== YOUR TASK ==
Somewhere below, one line contains "Ruger LCP MAX, Semi-automatic, .380" and a later line contains "stress-less-fest-spring-2024-8.5-x-3-in.png". Output those two lines and everything between them exactly, and nothing else.

== DATA UNDER STUDY ==
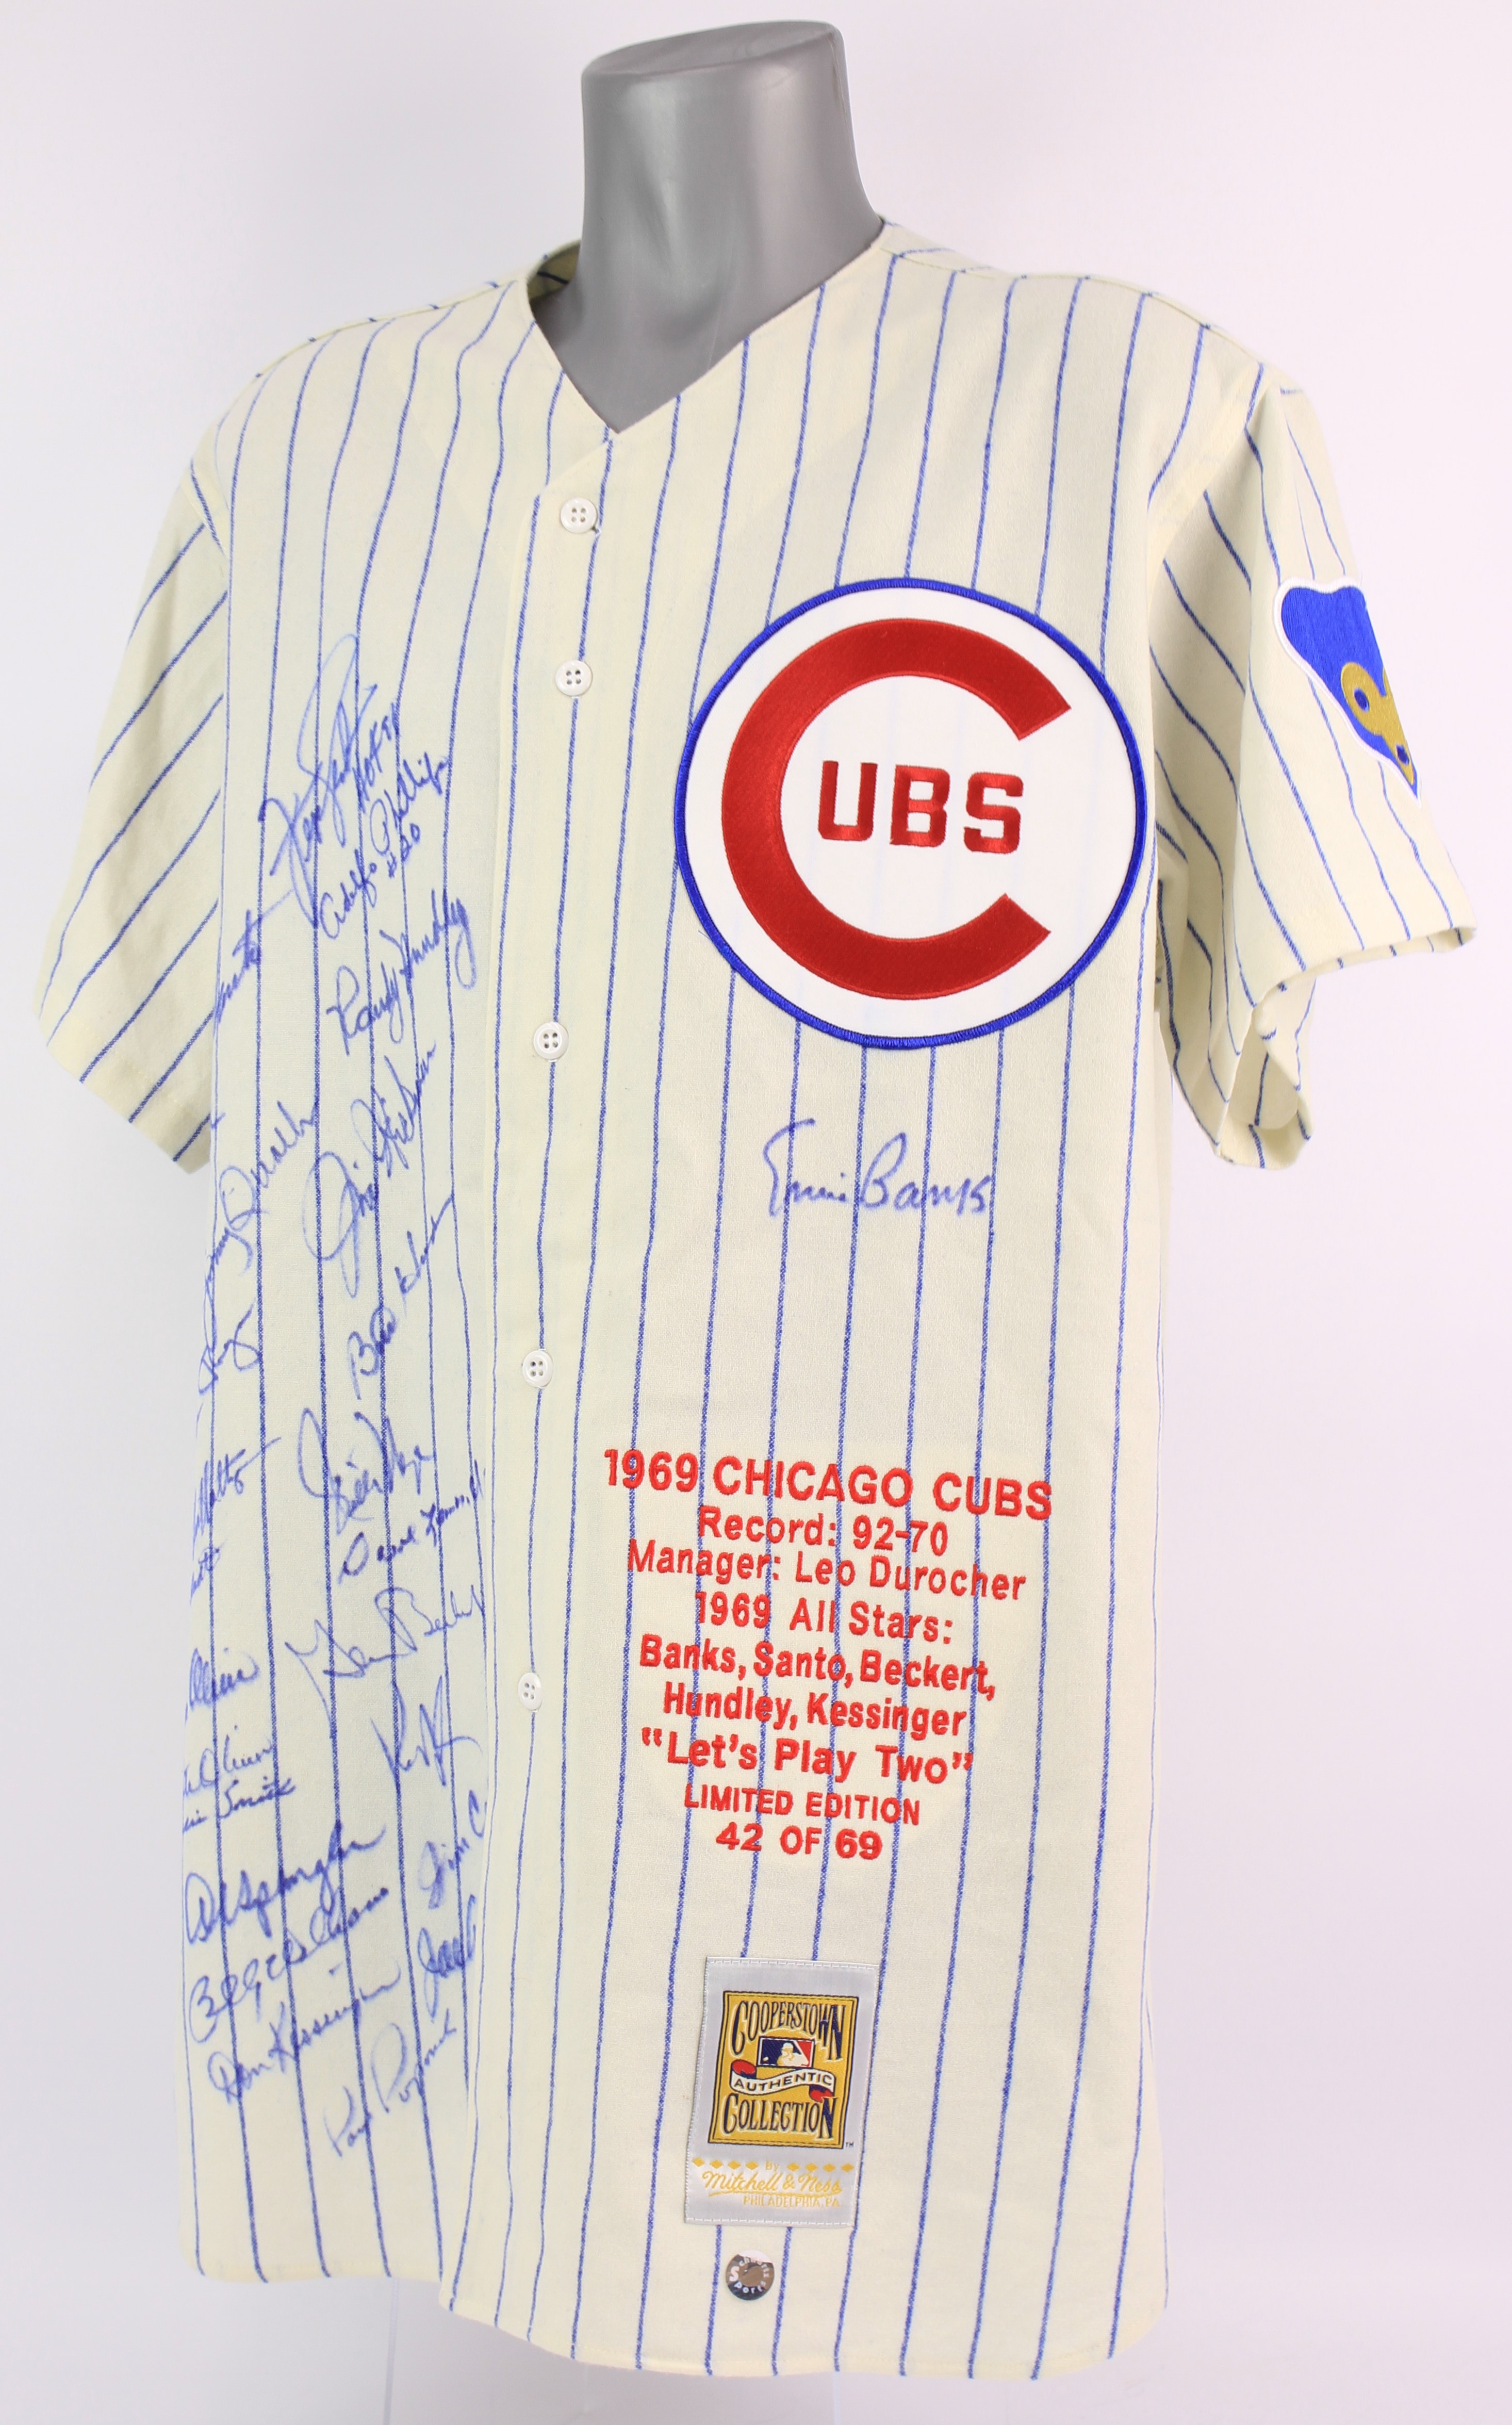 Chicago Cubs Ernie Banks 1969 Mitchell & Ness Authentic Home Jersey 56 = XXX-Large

* * *

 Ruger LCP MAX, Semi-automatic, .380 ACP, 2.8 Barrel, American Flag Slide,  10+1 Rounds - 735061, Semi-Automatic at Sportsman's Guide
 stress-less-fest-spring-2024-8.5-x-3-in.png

== OUTPUT FOR THIS EXERCISE ==
 Ruger LCP MAX, Semi-automatic, .380 ACP, 2.8 Barrel, American Flag Slide,  10+1 Rounds - 735061, Semi-Automatic at Sportsman's Guide
 stress-less-fest-spring-2024-8.5-x-3-in.png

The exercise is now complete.